Collected material>
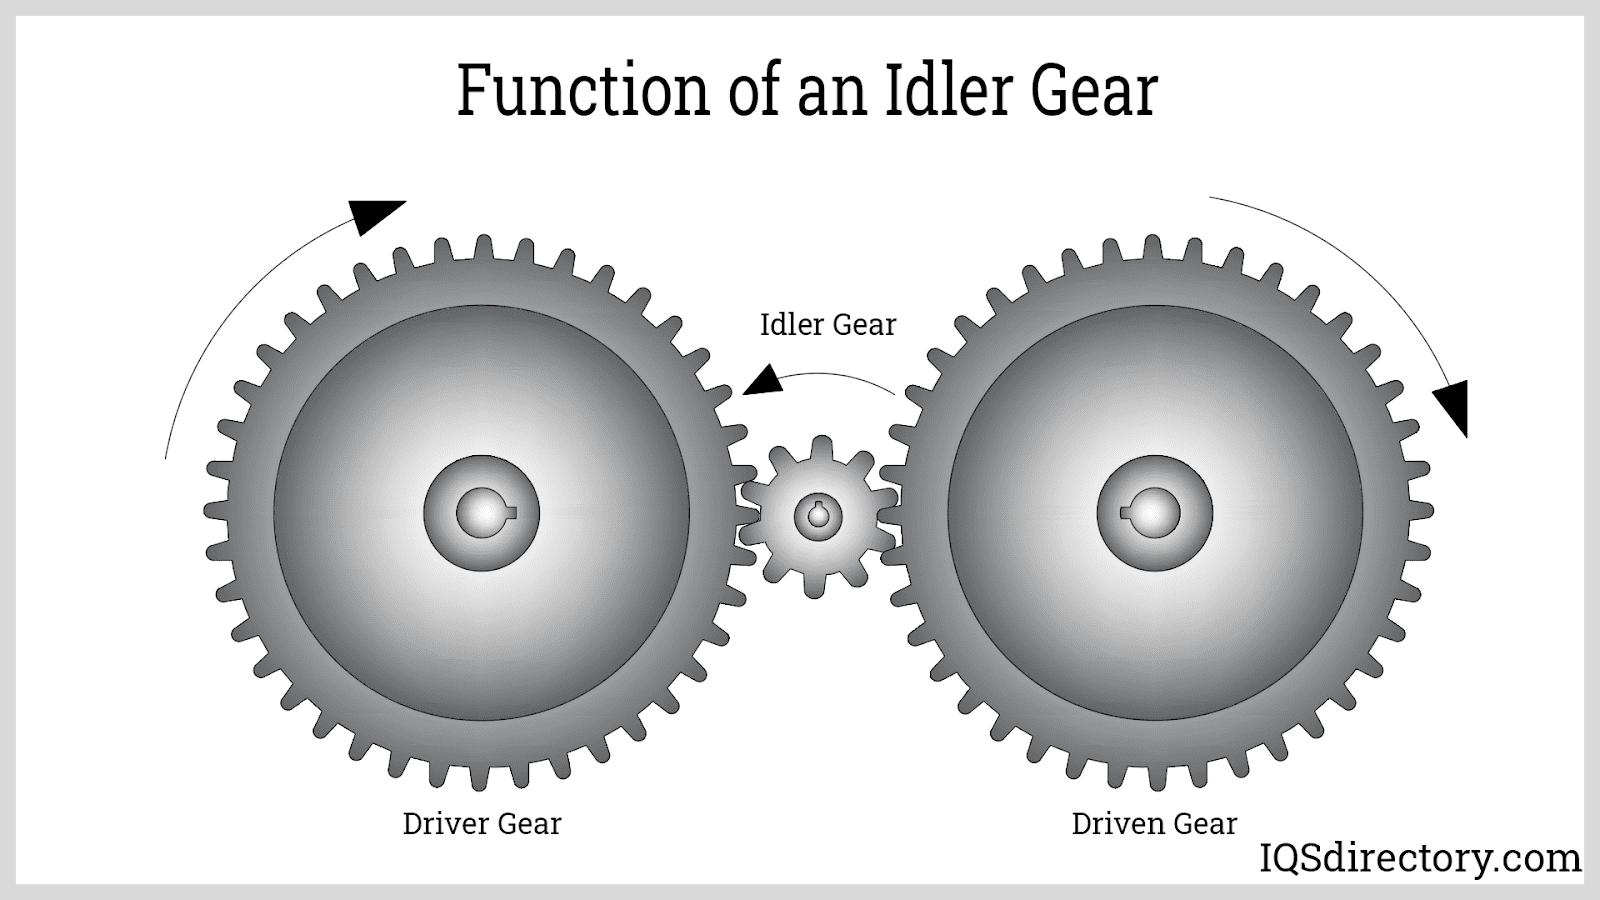 Function of an Idler Gear
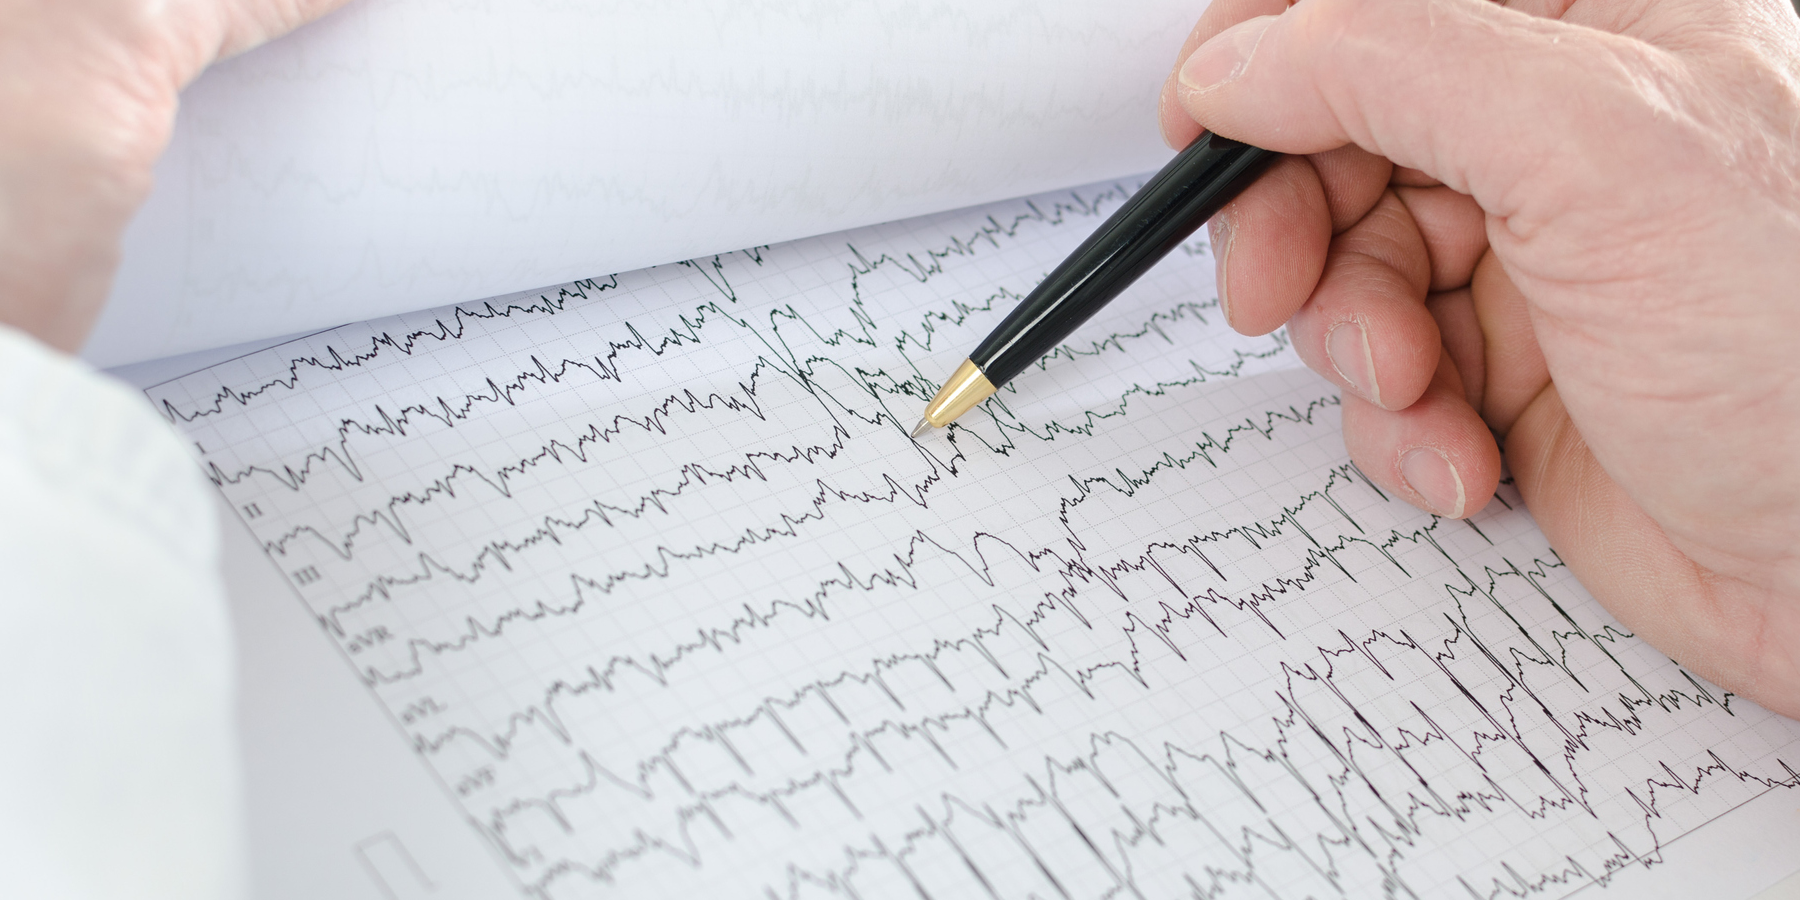 More Than 200 Genetic Factors Cause Heart Arrhythmias
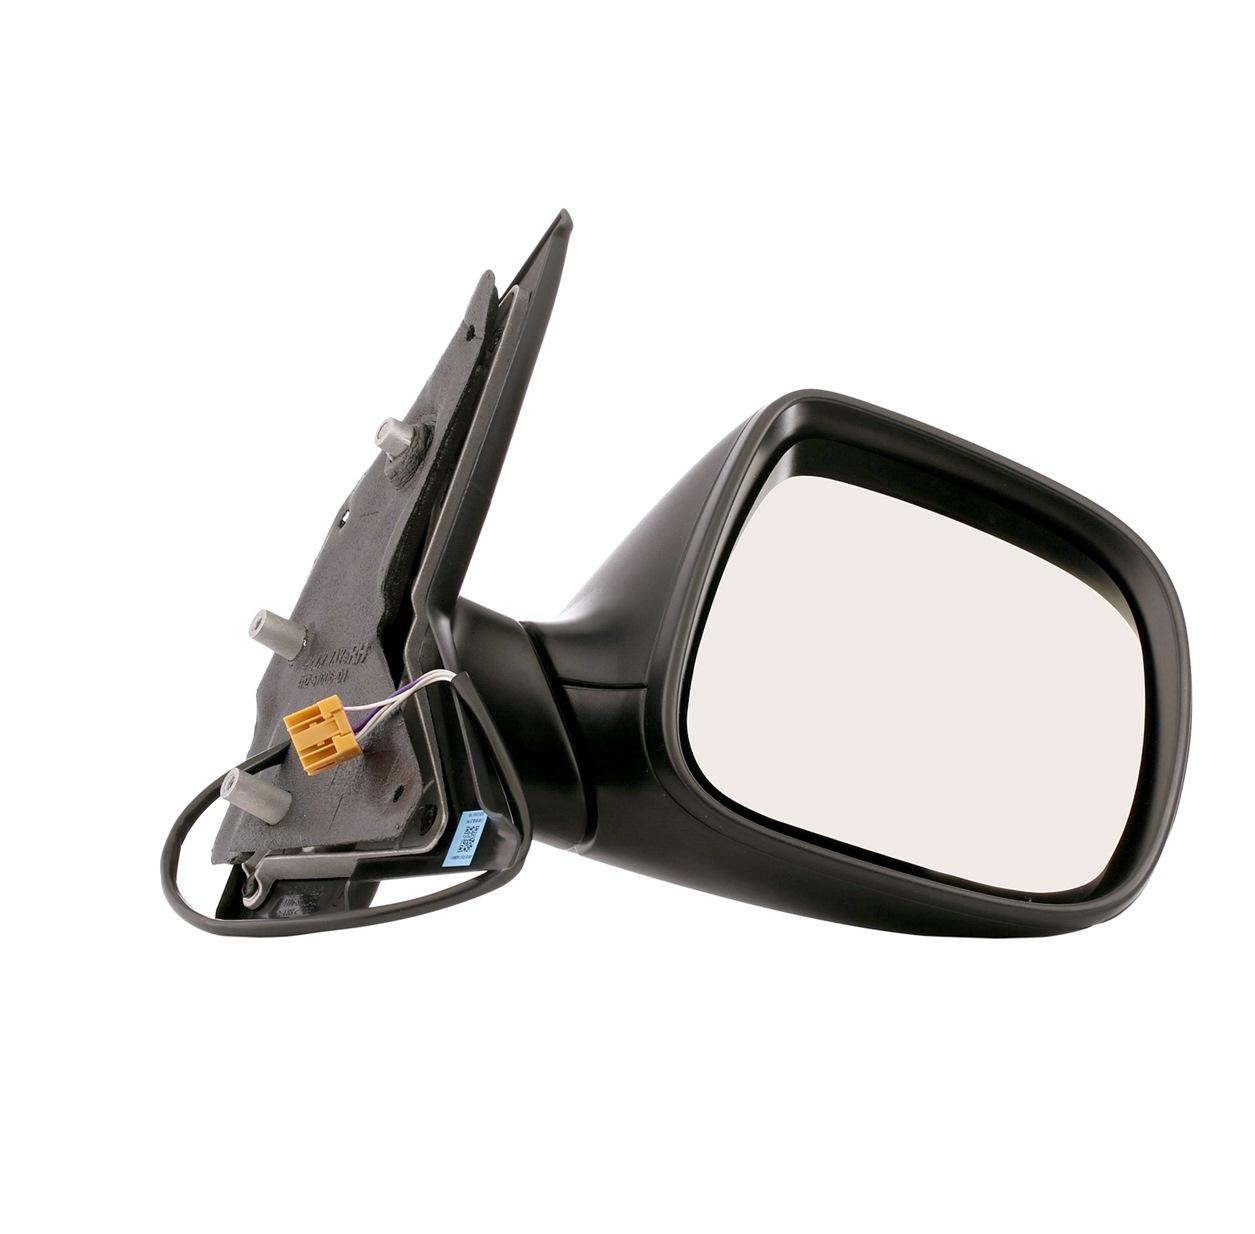 Seitenspiegel VAN WEZEL 5790806 Bewertung

What the exercise asks> Omit each picture, then return all of the listing exactly as it stands.

Written solution>
 Function of an Idler Gear
 More Than 200 Genetic Factors Cause Heart Arrhythmias
 Seitenspiegel VAN WEZEL 5790806 Bewertung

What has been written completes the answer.